▶ **Available data**
--- START ---

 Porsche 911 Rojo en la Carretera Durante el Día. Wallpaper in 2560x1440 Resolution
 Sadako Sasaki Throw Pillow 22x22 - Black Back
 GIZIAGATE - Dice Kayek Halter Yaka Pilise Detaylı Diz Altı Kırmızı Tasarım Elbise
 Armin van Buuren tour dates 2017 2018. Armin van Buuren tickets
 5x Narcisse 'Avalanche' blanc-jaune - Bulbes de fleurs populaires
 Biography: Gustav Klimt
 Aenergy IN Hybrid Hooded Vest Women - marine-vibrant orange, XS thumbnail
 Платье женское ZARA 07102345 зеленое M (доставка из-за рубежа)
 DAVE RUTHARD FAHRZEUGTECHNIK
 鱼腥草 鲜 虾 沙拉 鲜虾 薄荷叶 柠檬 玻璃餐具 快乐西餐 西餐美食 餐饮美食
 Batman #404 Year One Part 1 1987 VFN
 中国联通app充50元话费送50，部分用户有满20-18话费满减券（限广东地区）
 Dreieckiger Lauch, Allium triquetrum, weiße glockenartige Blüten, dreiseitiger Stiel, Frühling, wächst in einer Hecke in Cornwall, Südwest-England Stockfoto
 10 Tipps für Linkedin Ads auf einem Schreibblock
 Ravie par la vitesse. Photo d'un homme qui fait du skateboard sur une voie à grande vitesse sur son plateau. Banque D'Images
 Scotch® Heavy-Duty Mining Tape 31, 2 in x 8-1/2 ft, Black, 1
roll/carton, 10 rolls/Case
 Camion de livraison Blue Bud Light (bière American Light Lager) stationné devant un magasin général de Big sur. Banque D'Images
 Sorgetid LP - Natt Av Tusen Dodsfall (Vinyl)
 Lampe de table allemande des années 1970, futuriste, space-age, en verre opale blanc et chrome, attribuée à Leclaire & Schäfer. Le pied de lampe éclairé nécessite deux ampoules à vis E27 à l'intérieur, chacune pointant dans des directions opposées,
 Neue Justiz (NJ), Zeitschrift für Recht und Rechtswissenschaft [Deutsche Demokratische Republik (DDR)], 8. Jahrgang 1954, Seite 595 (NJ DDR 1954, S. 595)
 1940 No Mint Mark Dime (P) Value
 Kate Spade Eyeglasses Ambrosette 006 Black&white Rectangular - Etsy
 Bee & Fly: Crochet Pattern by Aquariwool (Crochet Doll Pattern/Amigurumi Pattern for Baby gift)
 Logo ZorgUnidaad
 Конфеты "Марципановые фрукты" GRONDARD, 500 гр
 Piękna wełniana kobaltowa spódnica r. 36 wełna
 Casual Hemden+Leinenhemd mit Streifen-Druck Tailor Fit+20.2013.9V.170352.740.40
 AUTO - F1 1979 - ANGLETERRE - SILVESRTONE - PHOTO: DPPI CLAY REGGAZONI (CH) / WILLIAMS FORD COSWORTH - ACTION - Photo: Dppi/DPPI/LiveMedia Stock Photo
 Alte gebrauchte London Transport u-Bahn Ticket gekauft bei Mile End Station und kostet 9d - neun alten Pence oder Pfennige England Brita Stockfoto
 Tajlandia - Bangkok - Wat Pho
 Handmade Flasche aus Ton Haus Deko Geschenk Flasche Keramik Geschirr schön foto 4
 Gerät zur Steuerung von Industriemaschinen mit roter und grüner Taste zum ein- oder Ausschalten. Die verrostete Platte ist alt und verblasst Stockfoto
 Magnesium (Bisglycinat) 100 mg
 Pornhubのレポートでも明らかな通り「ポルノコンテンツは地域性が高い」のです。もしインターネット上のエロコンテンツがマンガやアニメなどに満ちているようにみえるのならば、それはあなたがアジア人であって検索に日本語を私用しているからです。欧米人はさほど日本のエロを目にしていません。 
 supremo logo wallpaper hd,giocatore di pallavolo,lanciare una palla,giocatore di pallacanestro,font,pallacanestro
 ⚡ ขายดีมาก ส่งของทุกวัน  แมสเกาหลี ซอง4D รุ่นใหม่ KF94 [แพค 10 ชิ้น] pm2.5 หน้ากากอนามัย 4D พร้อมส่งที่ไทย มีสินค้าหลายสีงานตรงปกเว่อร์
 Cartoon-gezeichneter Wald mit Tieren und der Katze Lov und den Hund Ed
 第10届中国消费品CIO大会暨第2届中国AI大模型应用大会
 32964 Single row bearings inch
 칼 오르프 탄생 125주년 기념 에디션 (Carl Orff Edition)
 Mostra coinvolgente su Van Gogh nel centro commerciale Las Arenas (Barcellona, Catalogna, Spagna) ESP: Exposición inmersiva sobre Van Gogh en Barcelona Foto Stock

--- END ---

▶ **Task**
From the listing above, repeat exactly the lines starting at the line that includes "1940 No Mint Mark Dime (P) Value" and ending at the line that includes "Magnesium (Bisglycinat) 100 mg", with nothing outside that span.

▶ **Solved exercise**
 1940 No Mint Mark Dime (P) Value
 Kate Spade Eyeglasses Ambrosette 006 Black&white Rectangular - Etsy
 Bee & Fly: Crochet Pattern by Aquariwool (Crochet Doll Pattern/Amigurumi Pattern for Baby gift)
 Logo ZorgUnidaad
 Конфеты "Марципановые фрукты" GRONDARD, 500 гр
 Piękna wełniana kobaltowa spódnica r. 36 wełna
 Casual Hemden+Leinenhemd mit Streifen-Druck Tailor Fit+20.2013.9V.170352.740.40
 AUTO - F1 1979 - ANGLETERRE - SILVESRTONE - PHOTO: DPPI CLAY REGGAZONI (CH) / WILLIAMS FORD COSWORTH - ACTION - Photo: Dppi/DPPI/LiveMedia Stock Photo
 Alte gebrauchte London Transport u-Bahn Ticket gekauft bei Mile End Station und kostet 9d - neun alten Pence oder Pfennige England Brita Stockfoto
 Tajlandia - Bangkok - Wat Pho
 Handmade Flasche aus Ton Haus Deko Geschenk Flasche Keramik Geschirr schön foto 4
 Gerät zur Steuerung von Industriemaschinen mit roter und grüner Taste zum ein- oder Ausschalten. Die verrostete Platte ist alt und verblasst Stockfoto
 Magnesium (Bisglycinat) 100 mg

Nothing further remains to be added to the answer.